Lactation: It is unknown whether lisinopril is present in human breast milk. Because of the potential for serious adverse reactions in nursing infants (particularly hypotension and renal effects), breastfeeding is not recommended during lisinopril therapy. Consider alternative antihypertensives compatible with breastfeeding (e.g., nifedipine, labetalol).

Pediatric Use (≥6 years): FDA-approved for hypertension in pediatric patients aged 6 years and older weighing ≥20 kg. Starting dose: 0.07 mg/kg once daily (maximum 5 mg). Maximum dose: 0.61 mg/kg/day or 40 mg/day. Not studied in children <6 years or in children with GFR <30 mL/min/1.73 m². Monitor blood pressure, renal function, and potassium.

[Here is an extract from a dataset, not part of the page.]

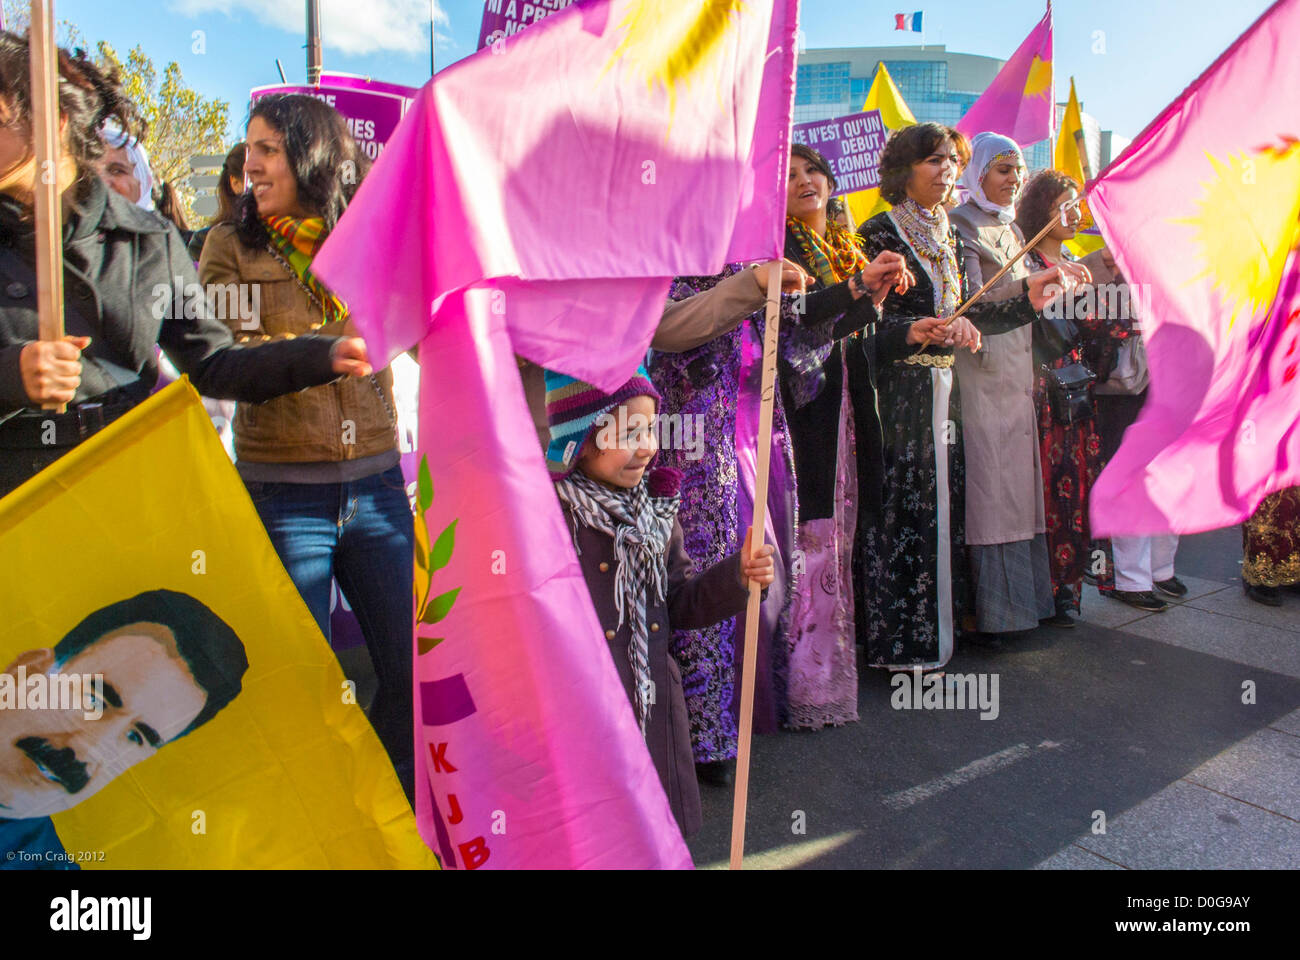 Paris, France, différents groupes féministes ont organisé une marche contre la violence à l'égard des femmes, à Paris, dans le cadre d'un mouvement international de marche des droits des femmes, les femmes kurdes Banque D'Images

Geriatric Use (≥65 years): No dose adjustment required based on age alone. However, elderly patients are more susceptible to first-dose hypotension (reduced baroreceptor sensitivity, often volume-depleted from diuretics). Start at 5–10 mg and titrate slowly. Monitor renal function and potassium more frequently as renal function declines with age.

Renal Impairment: Dose adjustment required (see Dosage section). Lisinopril is renally cleared — plasma levels increase proportionally with decreasing GFR. Monitor creatinine, BUN, and potassium closely. In dialysis patients, lisinopril is removed during hemodialysis sessions; supplemental dosing may be needed.

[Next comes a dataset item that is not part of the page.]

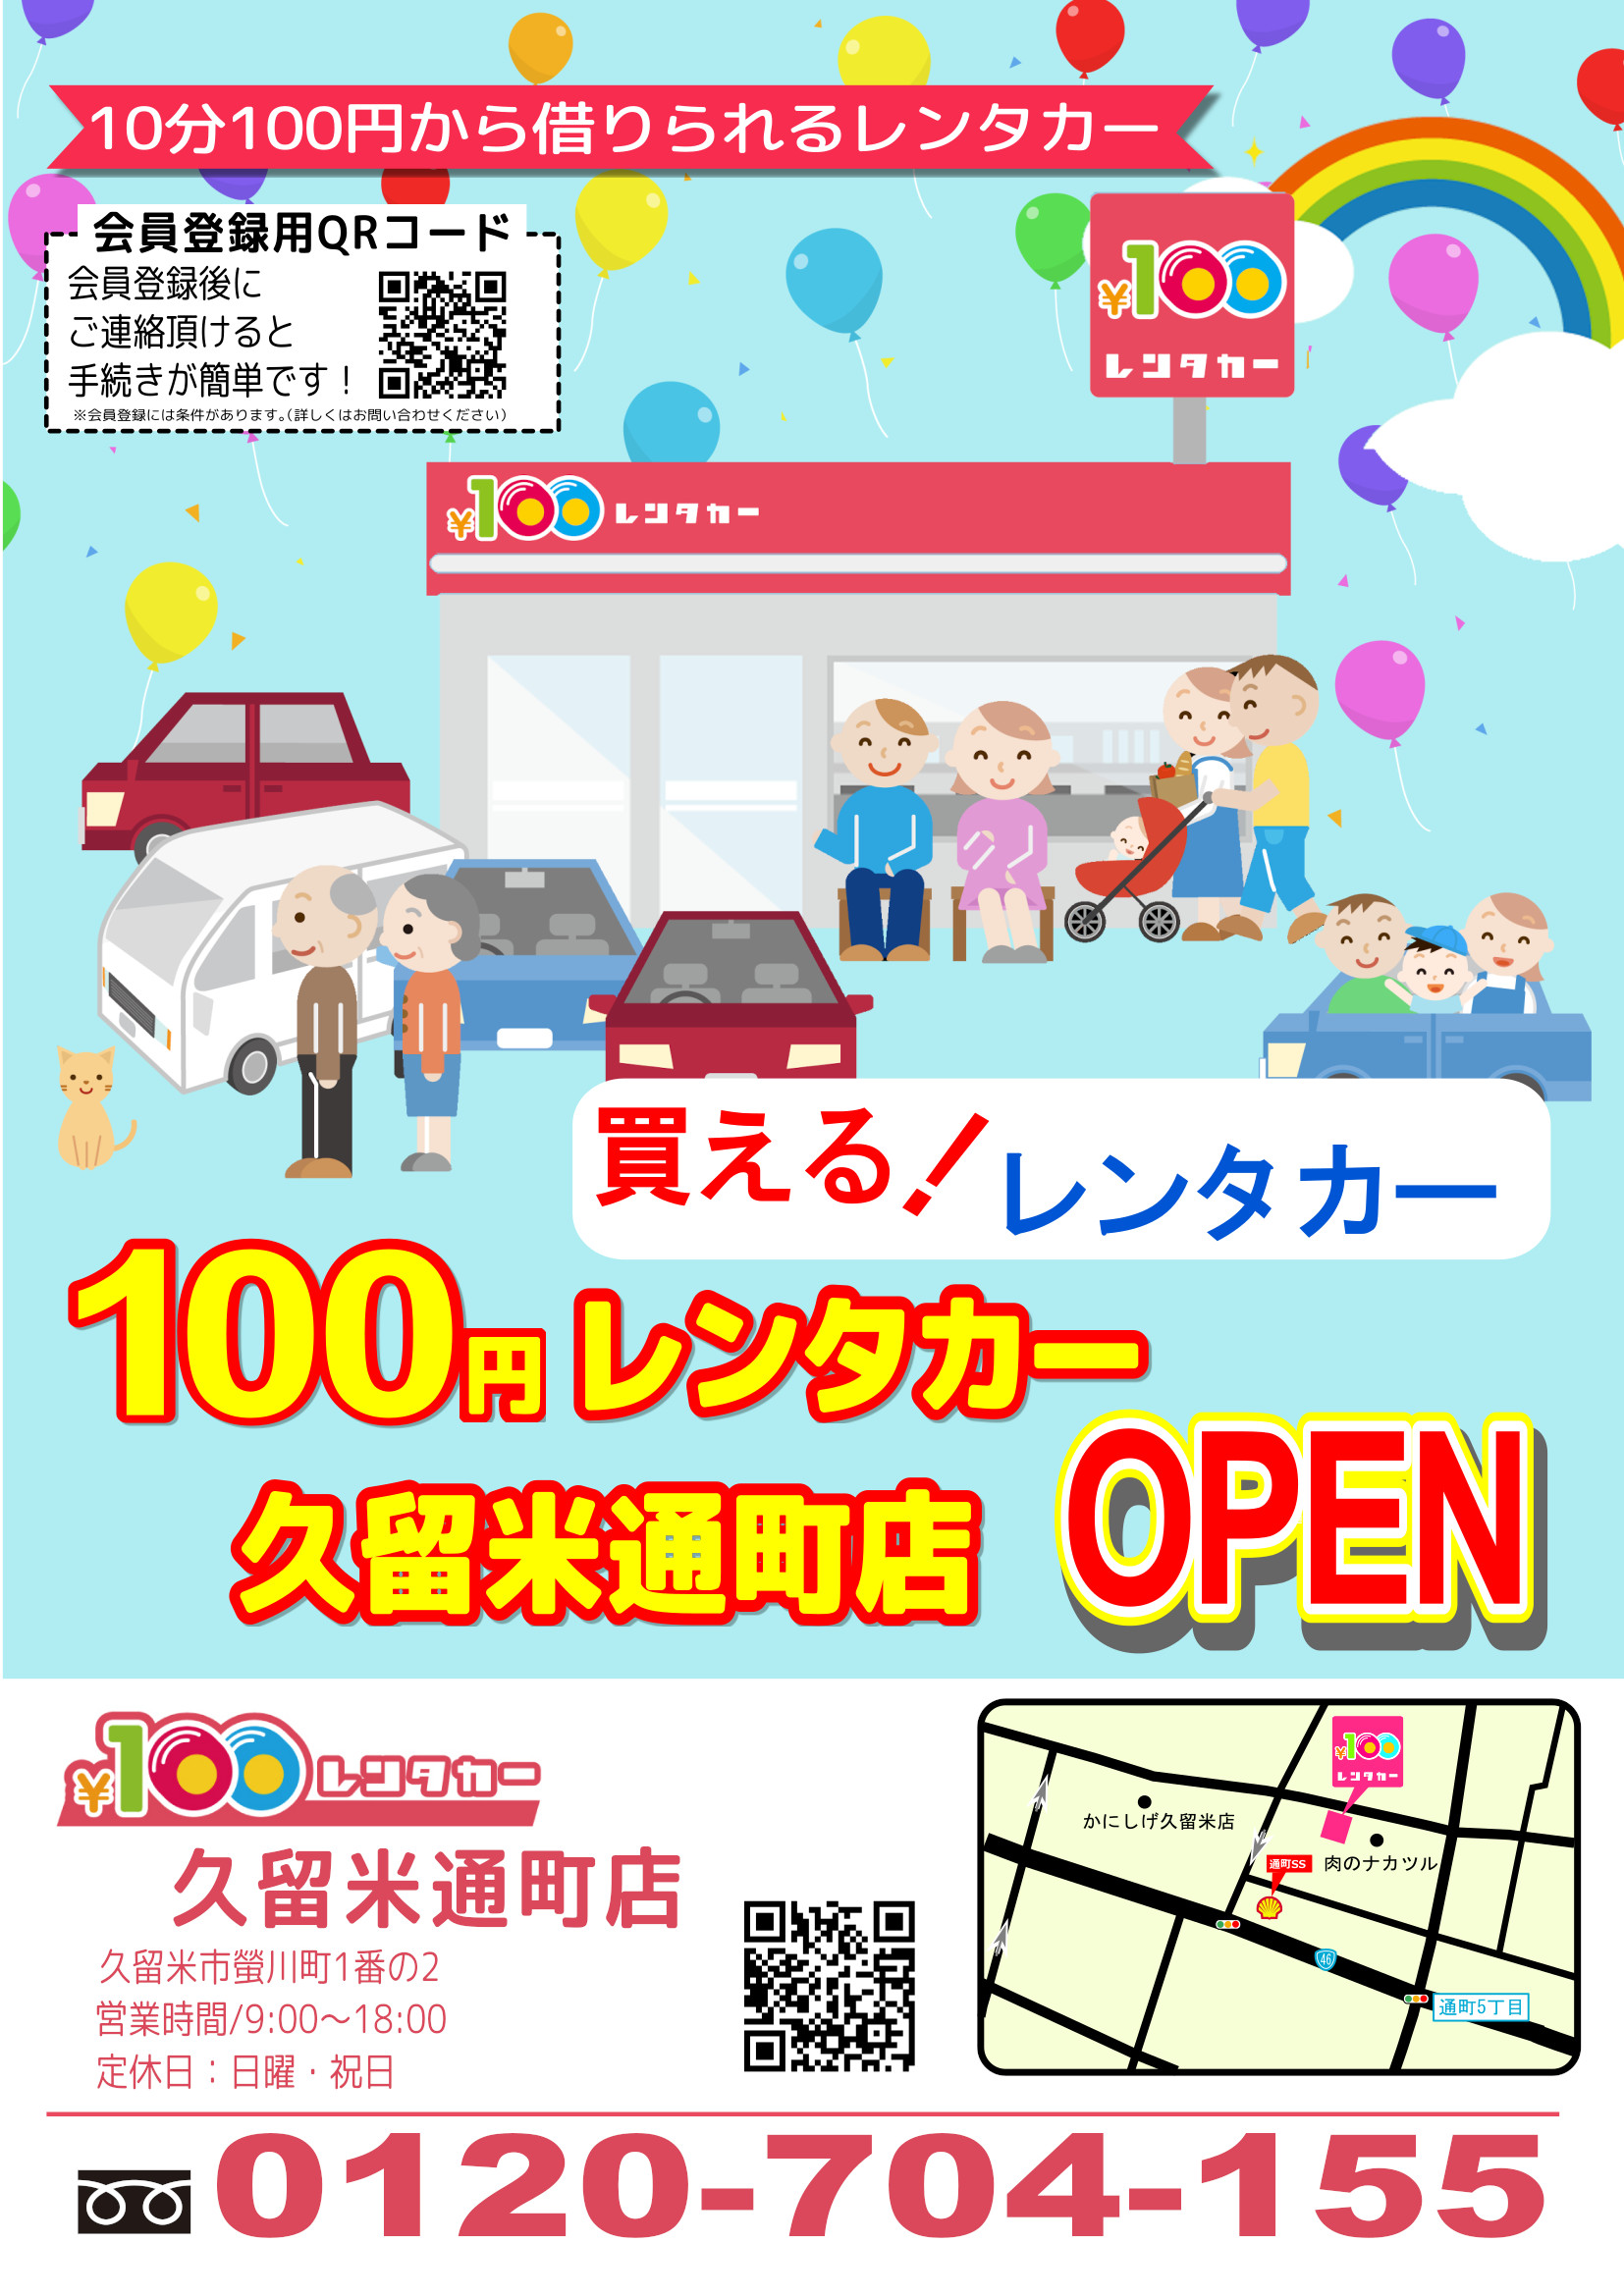 100円レンタカー久留米通町店オープン | お知らせ | 最所産業株式会社

Hepatic Impairment: No dose adjustment required — lisinopril is not hepatically metabolized. However, severe hepatic impairment with ascites may cause secondary hyperaldosteronism and volume overload that affects response to lisinopril.

Black/African American patients: ACE inhibitors, including lisinopril, are generally less effective as monotherapy for blood pressure lowering in Black patients compared to calcium channel blockers or thiazide diuretics (ALLHAT finding). However, lisinopril is still recommended in Black patients with diabetes, CKD with proteinuria, or heart failure, where the RAAS-specific benefits are important. Consider combining with a calcium channel blocker or thiazide diuretic for adequate BP control. Black patients also have 3–4× higher risk of ACE inhibitor-associated angioedema.